Summary
A novel respiratory pathogen, SARS-CoV-2 has recently received worldwide
attention and has been declared a public health emergency of global
concern. Entry of SARS-CoV-2 is mediated through the viral spike
glycoprotein (S2). Afterwards, the virus gets hold of the host cell
machinery by employing the use of viral main protease 3CLpro and NSP15
endoribonuclease. In the present in silico study, active site
mapping of the viral virulence factors was rendered by means of DoG Site
Scorer. The possibility of repurposing of 2-deoxy-D-glucose (2-DG), a
radio-chemo-modifier drug used for optimizing cancer therapy, and one of
its derivative (1, 3, 4, 6-Tetra-O-acetyl-2-deoxy-D-glucopyranose, has
been investigated by conducting ligand-receptor docking. Binding pose
depictions of ligands and viral receptors were assessed by employing
molecular dynamics analysis. Molinspiration and Toxicity Estimation
Software tools were used to assess the drug likeliness, bioactivity
indices and ADMETox values. 2-DG can dock efficiently with viral main
protease 3CLpro as well as NSP15 endoribonuclease, thus efficiently
inactivating these viral receptors leading to incapacitation of the
SARS-CoV-2 virus. Such incapacitation was possible by means of formation
of a hydrogen bond between 2-DG and proline residues of viral protease.
The 2-DG derivative formed a hydrogen bond with the glutamine amino acid
residues of the viral spike glycoprotein. The present in silicostudy supports the potential benefits of using 2-DG and its
glucopyranose derivative as repurposed drugs/prodrugs for mitigating the
novel COVID-19 infection. Since both these moieties present no signs of
serious toxicity, further empirical studies on model systems and human
clinical trials to ascertain effective dose-response are warranted and
should be urgently initiated.
Keywords : 2-deoxyglucose, binding free energy, corona virus,
drug repurposing, molecular docking, SARS-CoV-2.

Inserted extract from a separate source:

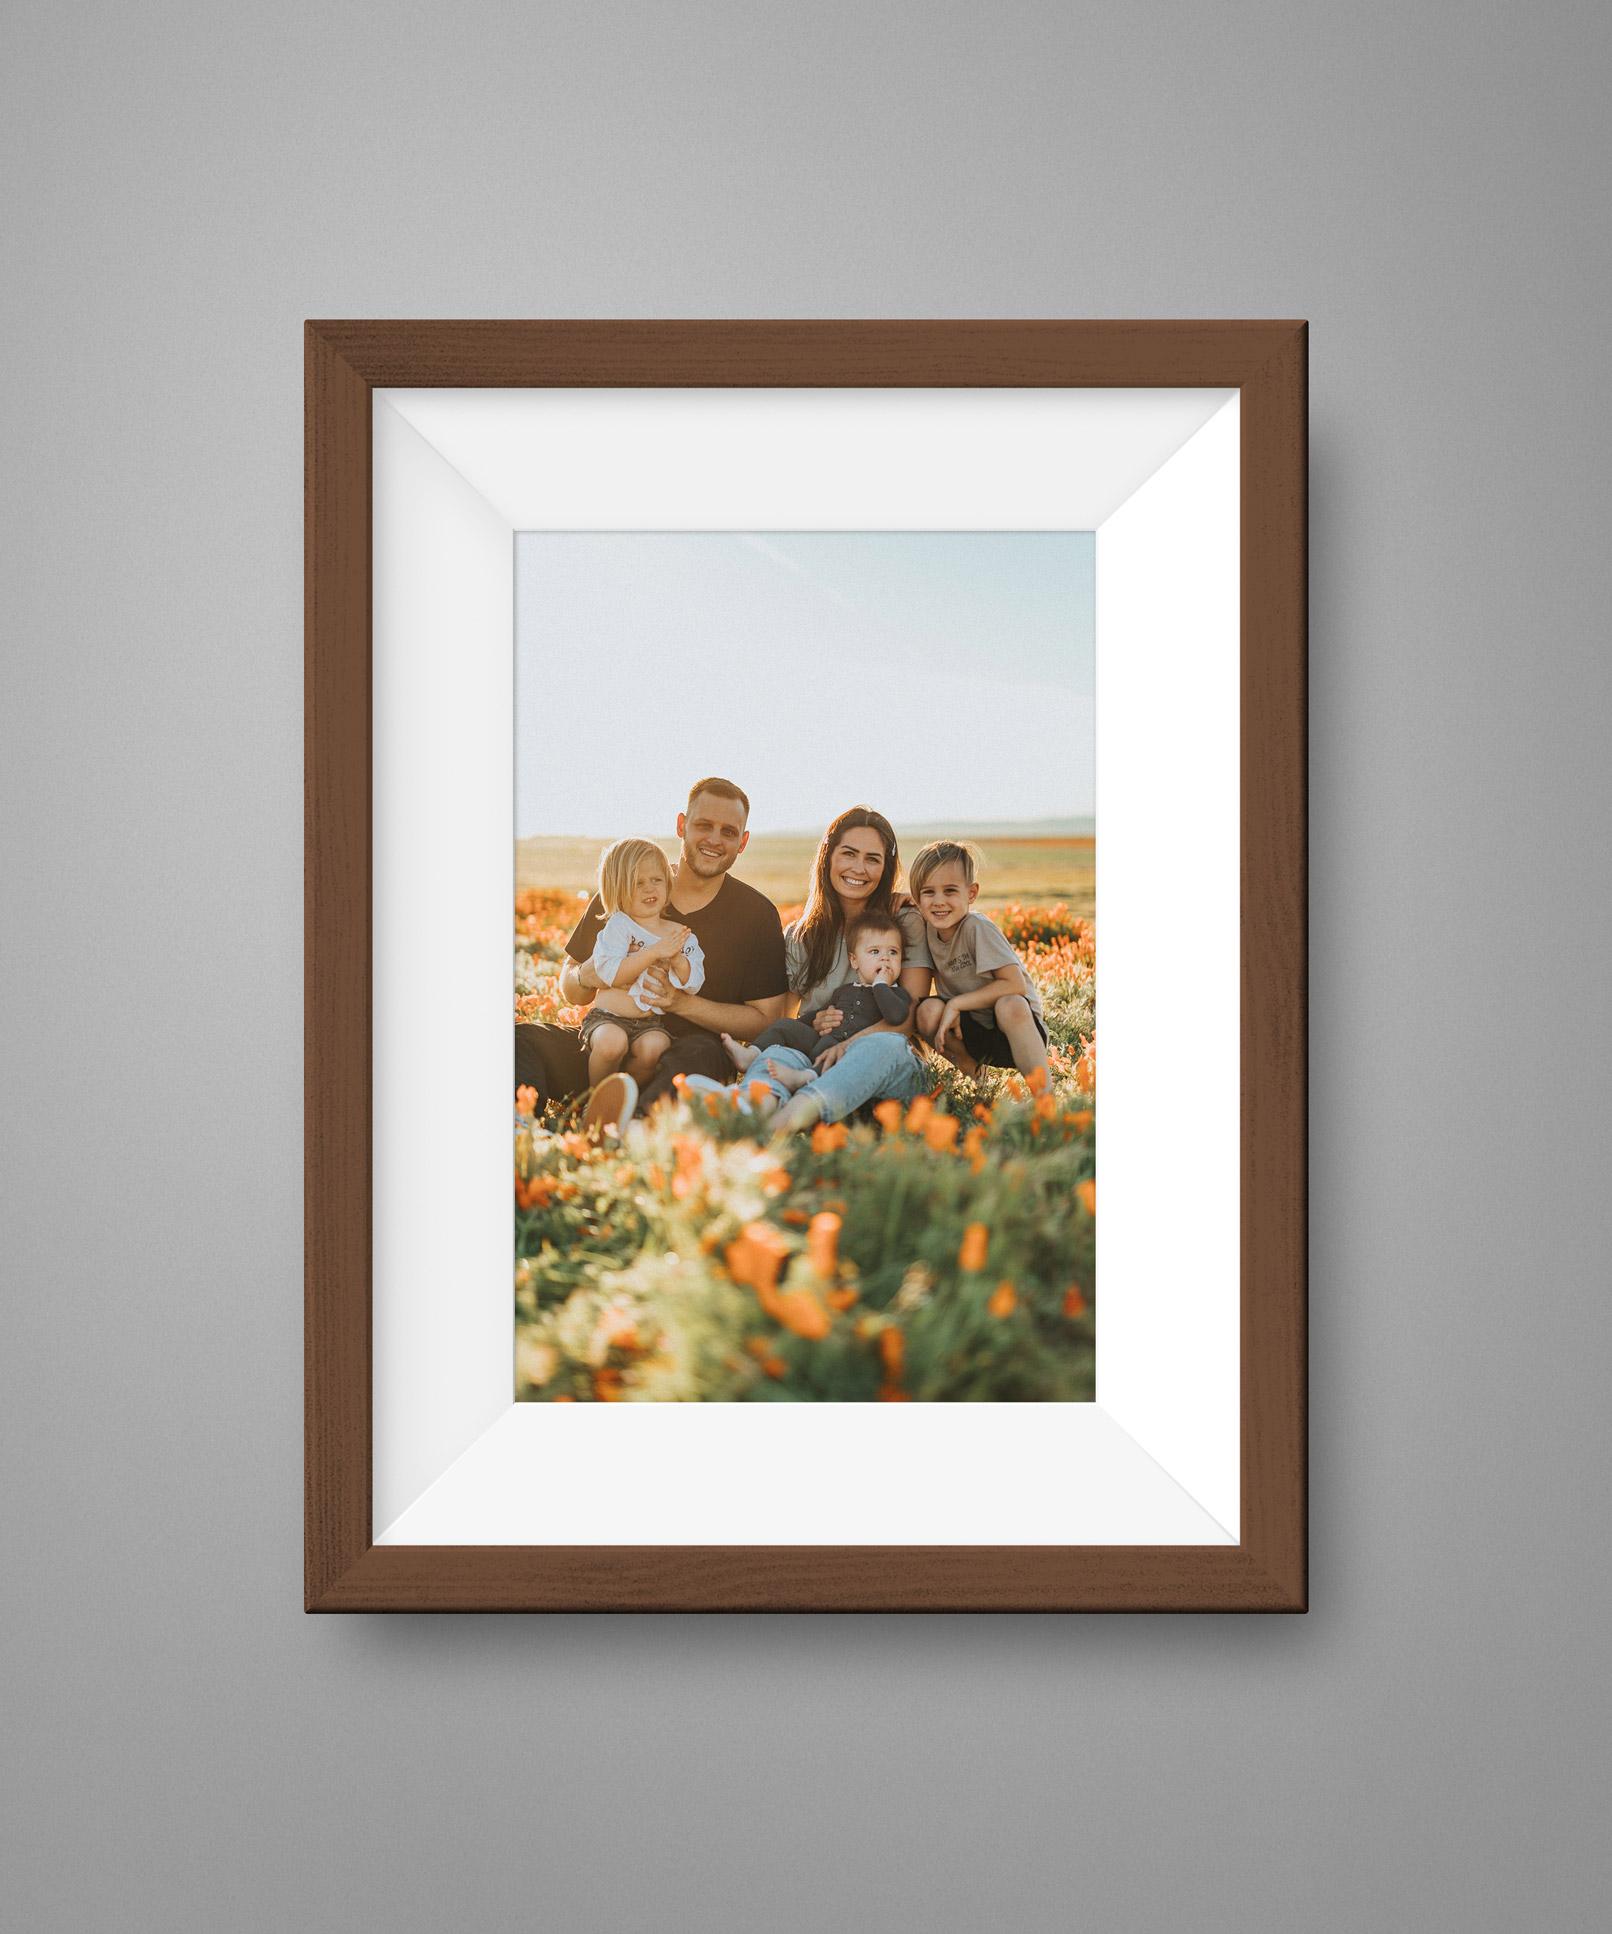 Familienfoto in einem braunen Bilderrahmen mit Holztextur

Abbreviations : 2-DG: 2-deoxy-D-glucose; ADMETox: Adsorption,
Distribution, Metabolism, Toxicity; CoV: Coronavirus; DARS: Decoys as
Reference State; FFT: Fast Fourier Transform; GPCR: G-protein coupled
receptor; MERS: Middle East Respiratory Syndrome; NSP: Non structural
protein; O.E.C.D.: Organisation for Economic Co-operation and
Development; PDB: Protein Data Bank; QSAR: Quantitative Structure
Activity Relationship; RCSB: Royal Collaborative Structural Biology;
SARS: Severe Acute Respiratory Syndrome; T.E.S.T.: Toxicity Estimation
Software Tool; TPSA: Total polar surface area; VIF: Viral infectivity
factor
Running title : 2-deoxy-D-glucose for combating COVID-19.